A total of 236 tumor samples underwent zygosity evaluation to find 83 percent had BRCA loss of heterozygosity in which they retained the mutant BRCA allele. Within the talazoparib arm, Mina and her colleagues compared the 122 patients with and the 27 patients without that loss of heterozygosity to find they had similar progression-free survivals.
There was also no association between BRCA loss of heterozygosity and clinical benefit in either the talazoparib or chemotherapy arms.

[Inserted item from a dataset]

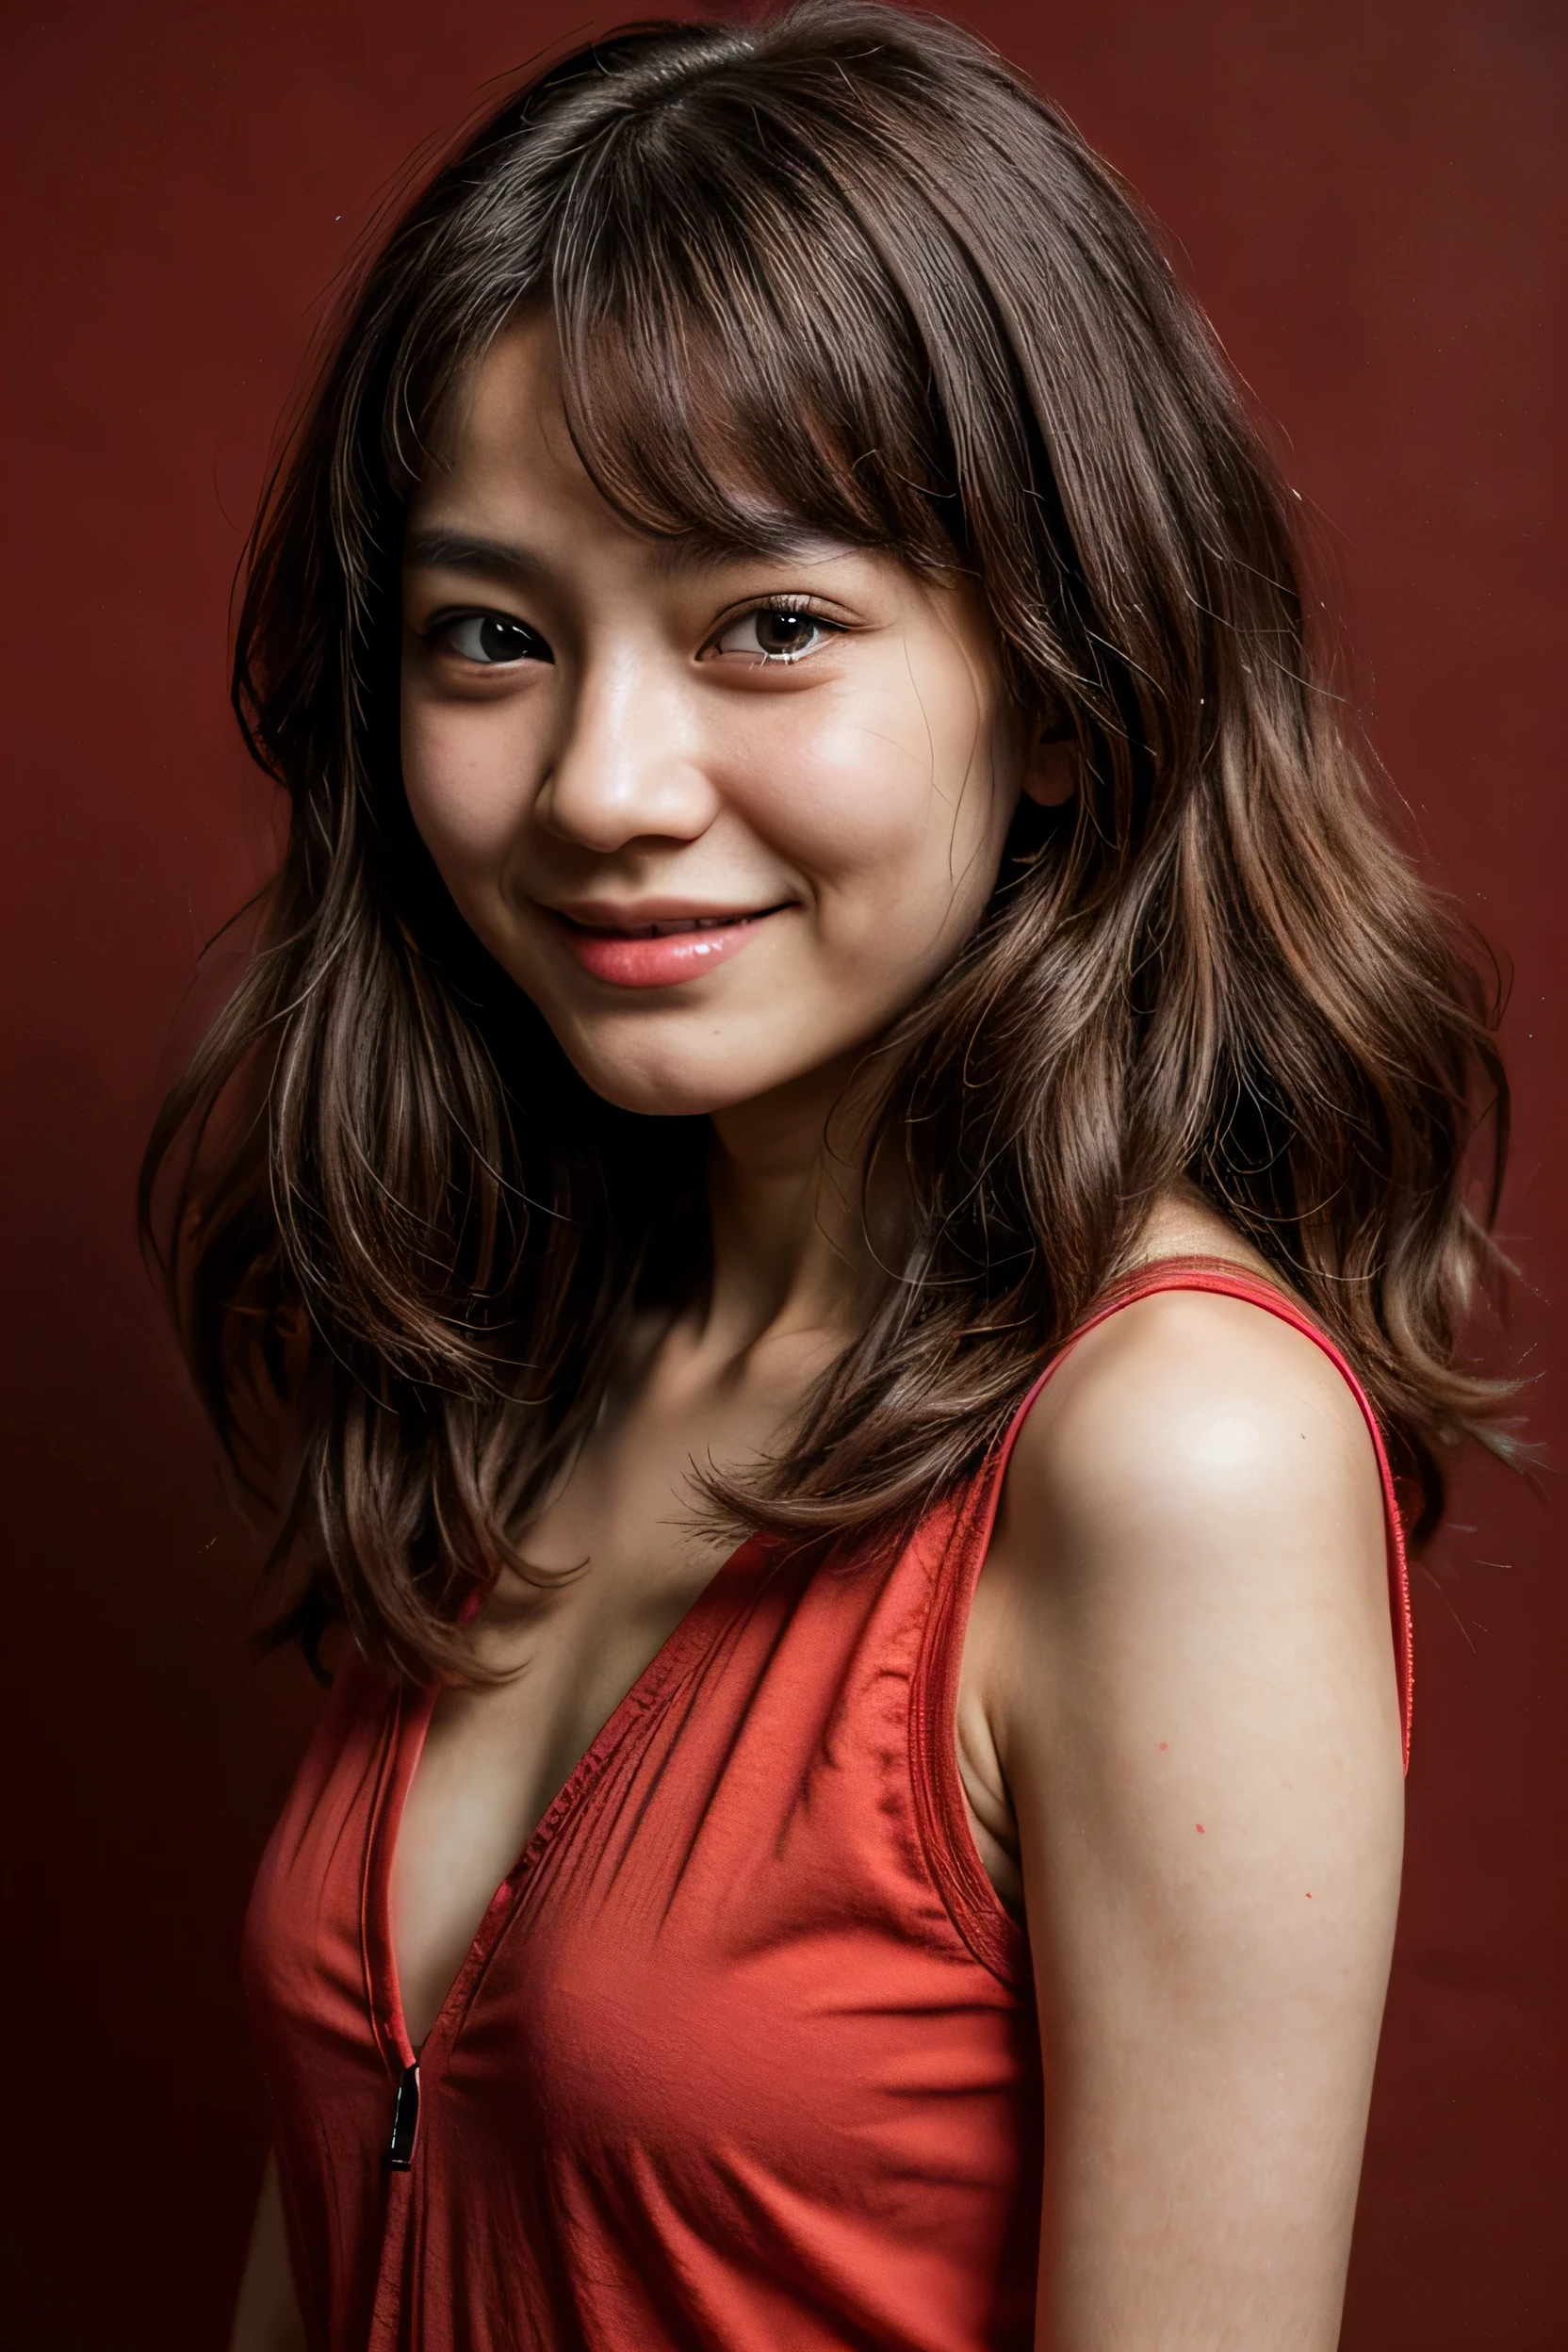 얼굴이 완벽하다, 14세 일본인의 아름다운 얼굴 , 웃는 모습이 아름다워,빨간색 배경

When broken down by breast cancer subtype, genome loss of heterozygosity was more common among patients with triple-negative breast cancer who had increased clinical benefit to talazoparib compared to those with no clinical benefit, Mina noted.
This confirms, Mina added, that germline BRCA status should continue to be used to identify patients for whom this treatment might work. "Germline BRCA mutational status is an appropriate and potentially optimal biomarker for the identification of patients with HER2-negative advanced breast cancer who may benefit from treatment with talazoparib," she said.
Domchek noted that while allele-specific loss of heterozygosity is common among tumors in patients with germline BRCA1 or BRCA2 mutations, there are still patients who retain that heterozygosity and their tumors can look quite different. Still, she added, "At this time, germline BRCA1 and 2 pathogenic variants are the best predictors of PARP inhibitor sensitivity in breast cancer."